Im ersten Teil des Beitrags werden die materiellen Grundlagen der IFRS-Risikoberichterstattung vorgestellt und die alternativen Berichtskonzepte des management approach sowie des balancesheet approach vorgestellt.

 

 

 

 

 

Gliederung

I. Einleitung
  1. Ausgangslage
  2. Problemstellung
  3. Lösungsansatz
  4. Gang der Untersuchung
II. Grundzüge der IFRS-Risikoberichterstattung
  1. Komponenten der IFRS-Risikoberichterstattung
  2. Risiken und ihre Bemessungsgrundlagen
  3. Risiken als Determinanten der Unternehmenslage
  4. Integration des IFRS-Risikoberichts in den Lagebericht
III. Offenlegungsansätze in der IFRS-Risikoberichterstattung
  1. Management approach
  2. Balance sheet approach
IV. Zusammenfassung zu Teil 1


I. Einleitung

1. Ausgangslage

Der seit dem Jahr 2007 von kapitalmarktorientierten Unternehmen mit Sitz in der EU branchenübergreifend zu beachtende Offenlegungsstandard IFRS 7 "Financial Instruments: Disclosures" umfasst neben Angabepflichten zur Bilanz und zur GuV auch Anforderungen an die Risikoberichterstattung. Die vom August 2005 datierende Erstfassung des IFRS 7 wurde hinsichtlich wesentlicher Teile der risikobezogenen Offenlegung mit den Improvements to IFRS (Mai 2010) überarbeitet und durch Angabepflichten zu ausgebuchten Vermögenswerten ("Disclosures - Transfers of Financial Assets", Amendments to IFRS 7, Oktober 2010) ergänzt. Weitere risikobezogene Transparenzanforderungen enthält der IAS 1 "Presentation of Financial Statements". Die Angabepflichten des IFRS 7 und IAS 1 bilden die Gesamtheit der Regelungen zur IFRS-Risikoberichterstattung. Die Offenlegung beschränkt sich dabei nach überwiegender Lesart des IFRS 7 auf die finanzwirtschaftlichen Kernrisiken - Kreditrisiko, Marktpreisrisiko und Liquiditätsrisiko. Weitere Risiken bleiben unberücksichtigt. Ergänzt werden die Risikoberichtspflichten durch das im Dezember 2010 verabschiedete IFRS Practice Statement "Management Commentary - A framework for presentation" (im Folgenden auch als PS MC bezeichnet), das Empfehlungen für die Lageberichterstattung gibt und dabei auch Risiken einbezieht, die nicht aus Finanzinstrumenten resultieren.

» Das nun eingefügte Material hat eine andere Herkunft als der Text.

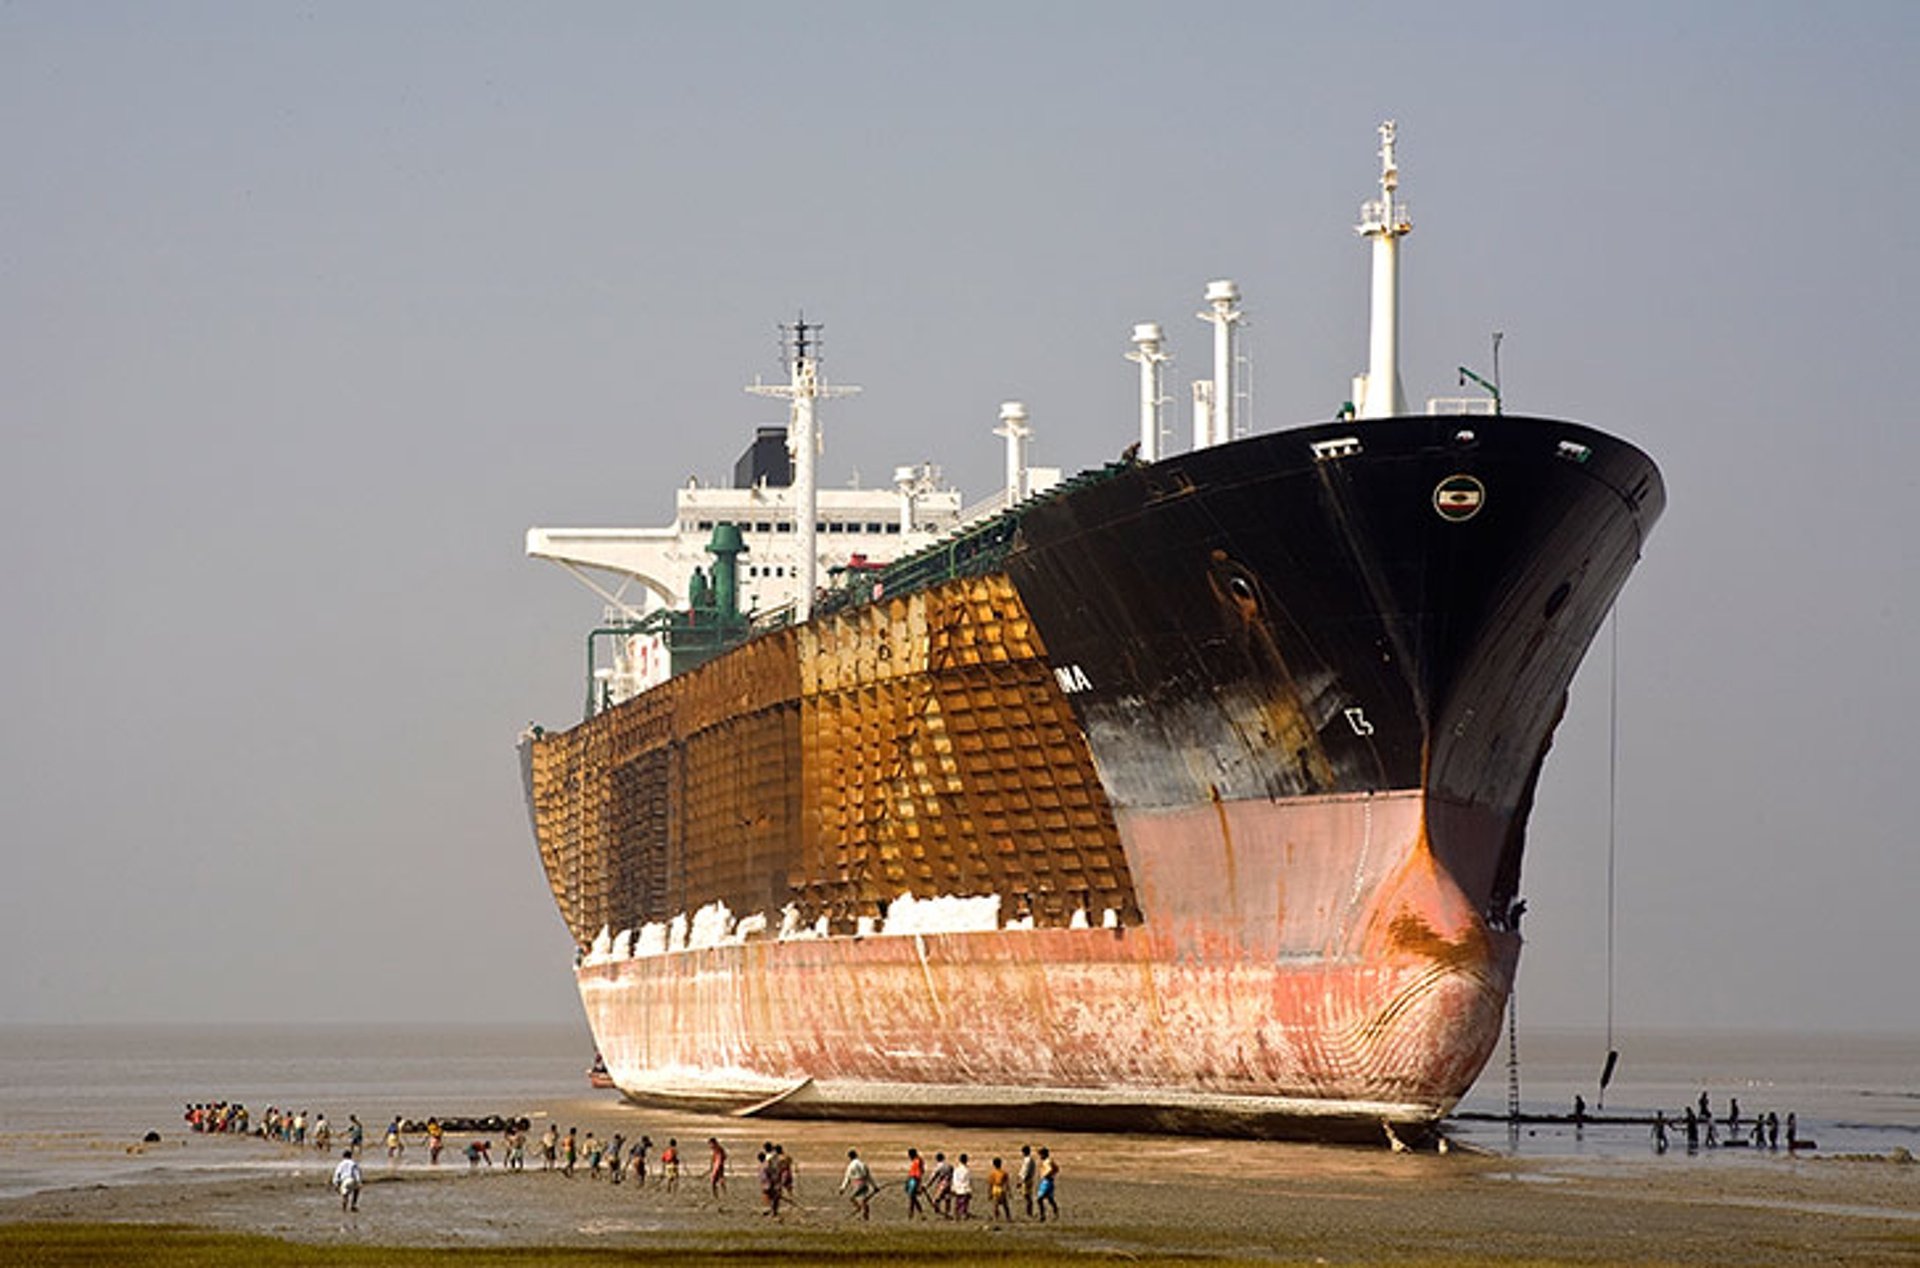 Огромные пароходы. Читтагонг Бангладеш кладбище кораблей. Читтагонг кладбище кораблей. Порт Аланг кладбище кораблей. Корабль Bourbon Mistral.

Aus den aktuellen Initiativen des IASB (IFRS 9 mit den Komponenten impairment und hedge accounting sowie dem weiteren Standard "Offsetting Financial Assets and Financial Liabilities" und dem Projekt zu insurance contracts) sind neue risikobezogene Transparenzpflichten, insbesondere zum Kreditrisiko zu erwarten.

Ein Kernelement der IFRS-Risikopublizität stellt der sog. management approach dar. Nach diesem, auch als Managementansatz oder Sicht der Unternehmensleitung bezeichneten Reporting-Ansatz hat die Offenlegung unter Rückgriff auf unternehmensinterne Informationen, die das oberste Management für die Unternehmenssteuerung verwendet, zu erfolgen. Der Managementansatz ermöglicht die Fokussierung der externen Berichterstattung auf entscheidungsrelevante Risikoinformationen und ist damit ein wesentlicher Faktor für eine hochwertige und entscheidungsnützliche risikobezogene Kapitalmarktkommunikation. Darüber hinaus eröffnet dieser Ansatz den bilanzierenden Unternehmen die Möglichkeit, einen unter Wirtschaftlichkeitsaspekten optimierten Offenlegungsprozess zu implementieren und signifikante Synergiepotenziale im Verhältnis zum internen Reporting in methodischer, prozessualer und technischer Hinsicht zu realisieren.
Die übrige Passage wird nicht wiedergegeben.